A few things that are important factors related to request latency:
cold starts => higher latency
request patterns are important factors in cold starts
if you need to deploy in VPC (attachment of ENI => higher cold start latency)
using CloudFront --> API Gateway --> Lambda (more layers => higher latency)
choice of programming language (Java likely highest cold-start latency, Go lowest)
size of Lambda environment (more RAM => more CPU => faster)
Lambda account and concurrency limits
pre-warming strategy
Update 2019-12: see Predictable start-up times with Provisioned Concurrency.
Update 2021-08: see Increasing performance of Java AWS Lambda functions using tiered compilation.

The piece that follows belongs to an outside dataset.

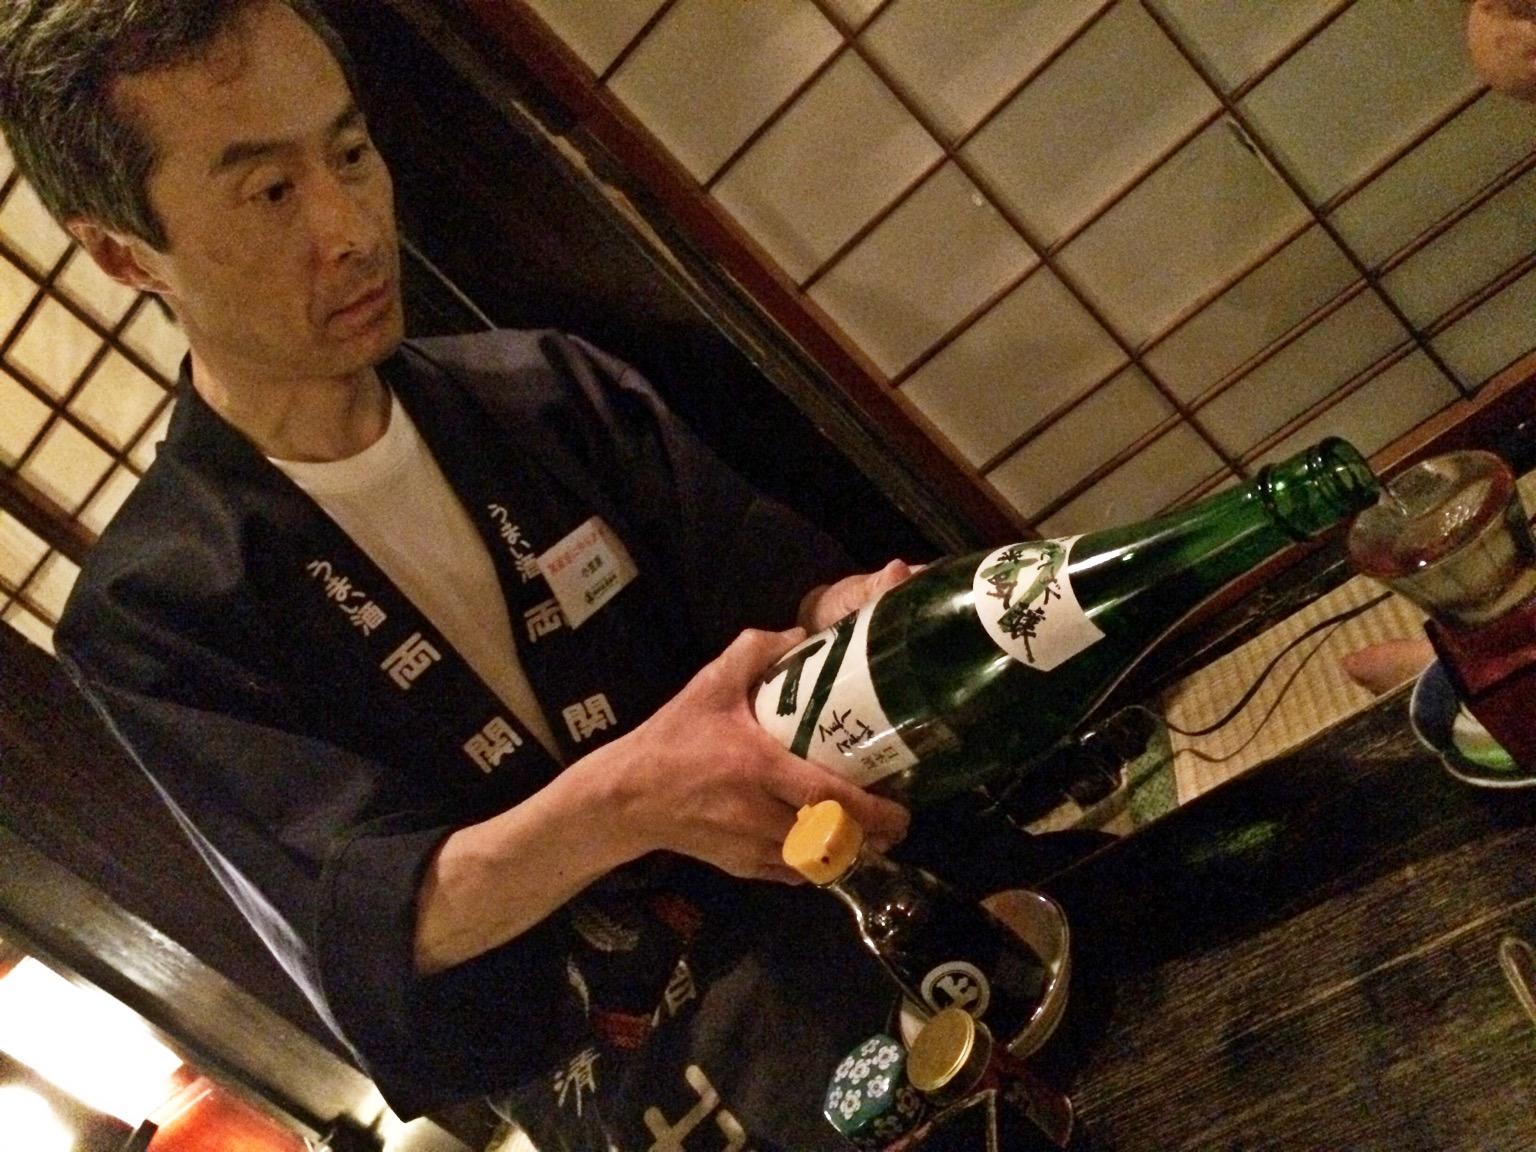 米どころ秋田は日本酒も旨い。 こちらは秋田やまとしずく純米吟醸。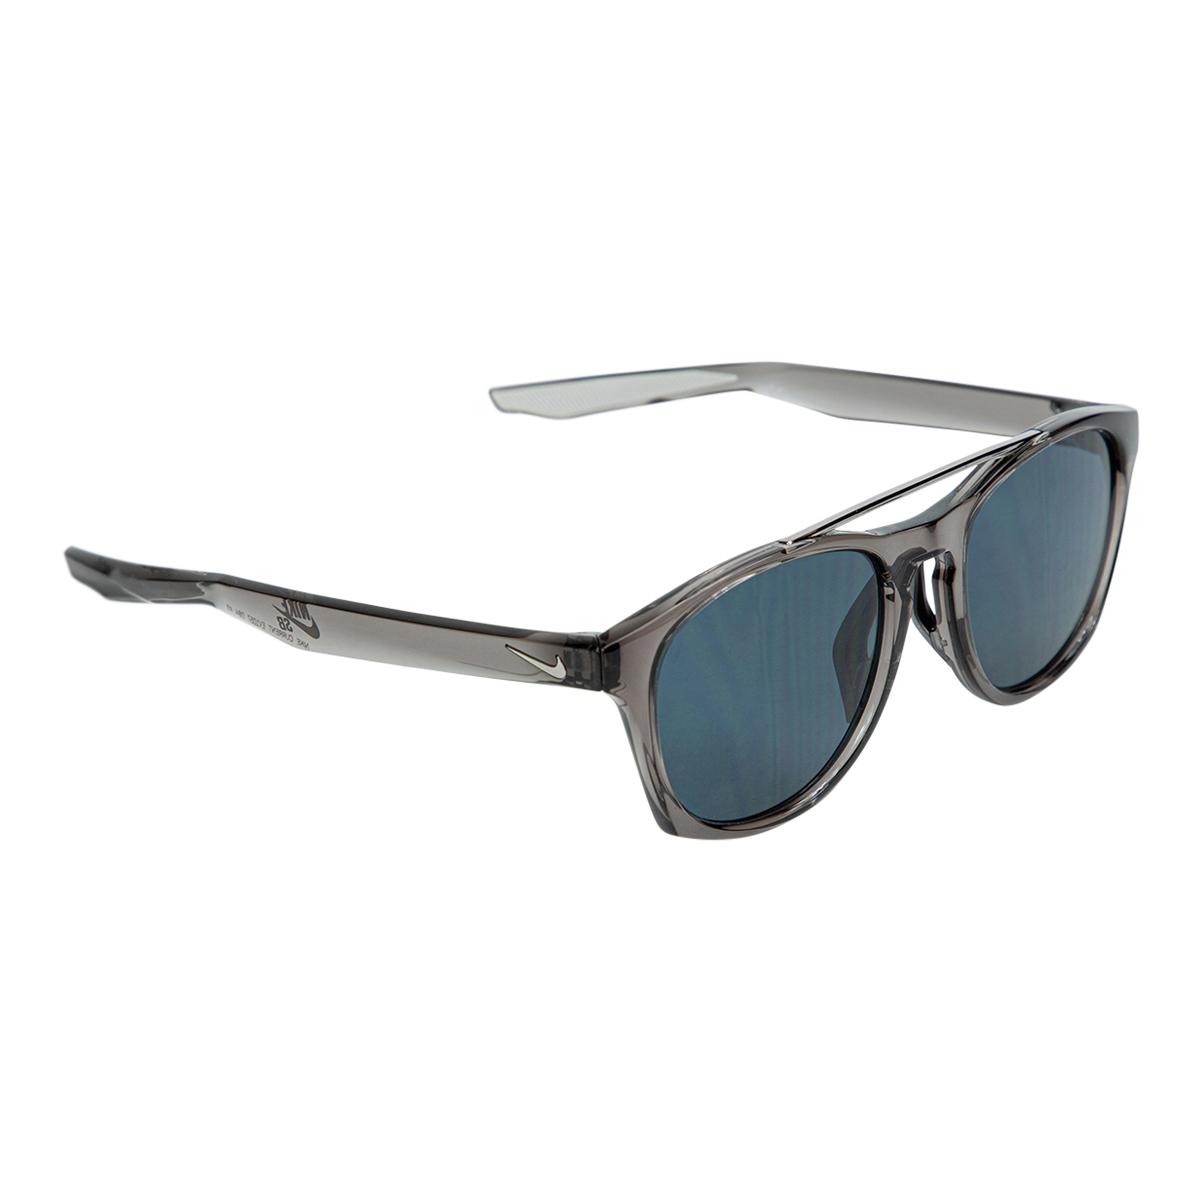 Nike-Current-EV1057-Sunglasses thumbnail 5

As an AWS Lambda + API Gateway user (with Serverless Framework) I had to deal with this too.
The problem I faced:
Few requests per day per lambda (not enough to keep lambdas warm)
Time critical application (the user is on the phone, waiting for text-to-speech to answer)
How I worked around that:
The idea was to find a way to call the critical lambdas often enough that they don't get cold.
If you use the Serverless Framework, you can use the serverless-plugin-warmup plugin that does exactly that.
If not, you can copy it's behavior by creating a worker that will invoke the lambdas every few minutes to keep them warm. To do this, create a lambda that will invoke your other lambdas and schedule CloudWatch to trigger it every 5 minutes or so. Make sure to call your to-keep-warm lambdas with a custom event.source so you can exit them early without running any actual business code by putting the following code at the very beginning of the function:
if (event.source === 'just-keeping-warm) {
console.log('WarmUP - Lambda is warm!');
return callback(null, 'Lambda is warm!');
}
Depending on the number of lamdas you have to keep warm, this can be a lot of "warming" calls. AWS offers 1.000.000 free lambda calls every month though.
We have used AWS Lambda quite successfully with reasonable and acceptable response times. (REST/JSON based API + AWS Lambda + Dynamo DB Access).
The latency that we measured always had the least amount of time spent in invoking functions and large amount of time in application logic.
There are warm up techniques as mentioned in the above posts.